With regard to tax systems–inequality nexus, Okner (Citation1975) is one of the early studies that started the comparison between government transfers and tax systems with respect to their ability in efficiently redistributing income. While the study acknowledged that progressive taxes redistribute income, it also commends the superiority of government transfers in income distribution. Engel et al. (Citation1999) also focused on Chile and employed data at the household level to estimate the distributional impact of variations in the tax structure on income distribution. Their study revealed that, indeed, taxes are poor in redistributing income. The study advocates for the use of expenditure targeting approach for different income groups. Following from this study, Chu et al. (Citation2000) analyzed the distribution of income in transitioning and developing countries. The study affirmed their findings that developing countries have not been able to use tax systems and transfer policies to solve inequality problems. Relying on panel data from 2000 to 2001, and fixed and random effects models, Obadic et al. (Citation2014) studied the impact of taxes on income inequality. The authors revealed that social contributions and labour taxes reduce inequality but consumption taxes have no influence in inequality reduction. Swistak et al. (Citation2015) found that indirect taxes such as VAT are regressive in Poland. The study further revealed that an attempt to promote progressivity through reduction in VAT rates was ineffective. The cost of such an exercise outweighs the small gains made. The authors recommended a broader base VAT and a more progressive income tax for redistribution.

The last strand focused on studies that jointly examined tax systems on both inequality and poverty. A notable example is the study by Lustig et al. (,Citation2016). The authors investigate how income distribution and poverty reduction has been achieved through social spending, subsidies, and taxes using the standard fiscal incidence analysis in five Latin American countries (Argentina, Brazil, Bolivia, Peru, and Uruguay). Comparatively, the findings revealed that direct taxes and cash transfers reduce poverty and inequality significantly in Argentina, Brazil, and Uruguay, but trivially in Bolivia, Mexico, and Peru. Also, in Kenya, Maina (Citation2017) examined the effect of low consumption taxes on income distribution (poverty and inequality) using ordinary least square (OLS) model. The study revealed that consumption taxes are regressive in Kenya. It also established a positive relationship between consumption taxes and GDP per capita.

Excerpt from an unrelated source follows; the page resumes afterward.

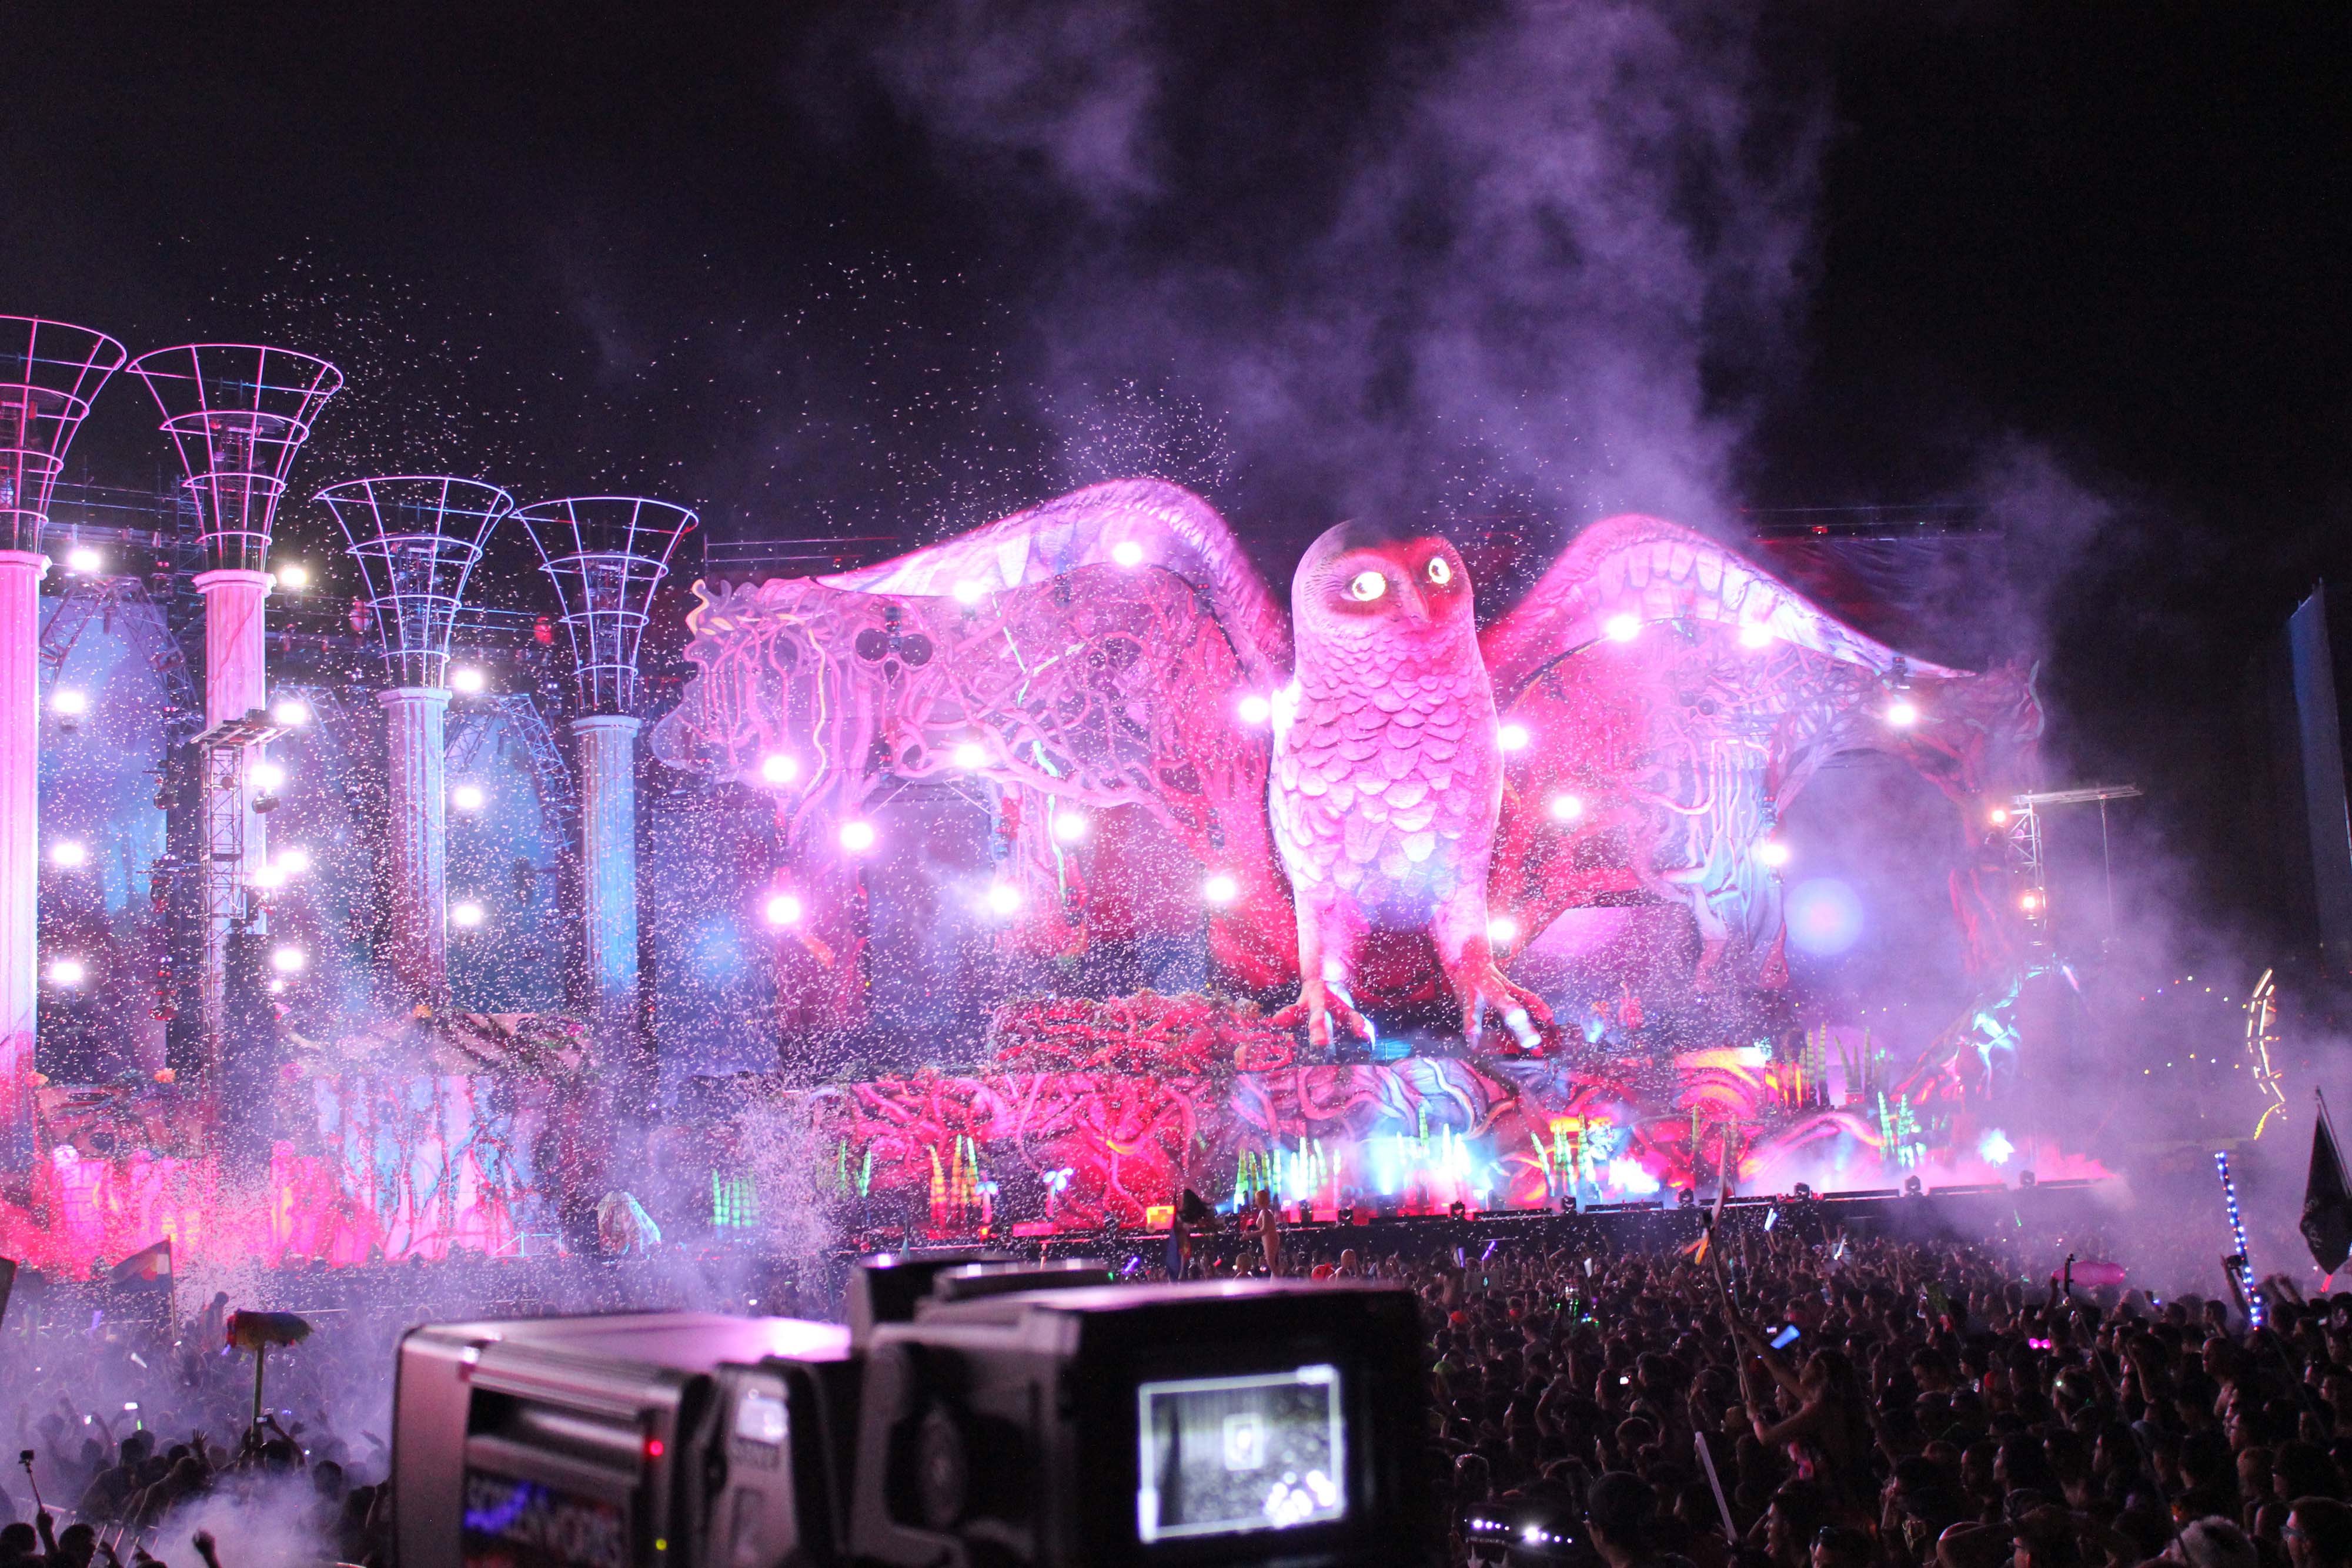 Giant inflatable owl on stage EDC 2014 with crowd

The current study differs from the prevailing literature on many respects. First, we assume a nonlinear effect of tax systems on poverty and inequality. This is lacking in the extant literature. Second, we move beyond the normal non-linear treatment and test whether the relationships are asymmetric or not. Third, we relied on both income and non-income measures of poverty. Finally, we deepen our understanding by decomposing tax into direct and indirect, and also, consider the total tax effect. This should bring to fore deeper insight into the relationship.

4. Data and methodology

4.1. Data source and definition of variables

The study utilizes time-series data from 1983 to 2016 which were gleaned from various sources. Data on poverty incidence, poverty gap, GDP per capita, agriculture sector growth, Gini index, and inflation were collected from the World Development Indicators (WDI) of the World Bank. We also obtained data on tax system indicators (direct, indirect, and total taxes) from the International Center for Tax and Development’s (ICTD) government revenue database. Data on Historical Human Development Index (HHDI), total government expenditure, and minimum wage were sourced from Our World in Data (Global Change Data Lab), Ministry of Finance (Ghana), and Wage Indicator Network database, respectively. Cocoa and gold prices were taken from the database of the Bank of Ghana.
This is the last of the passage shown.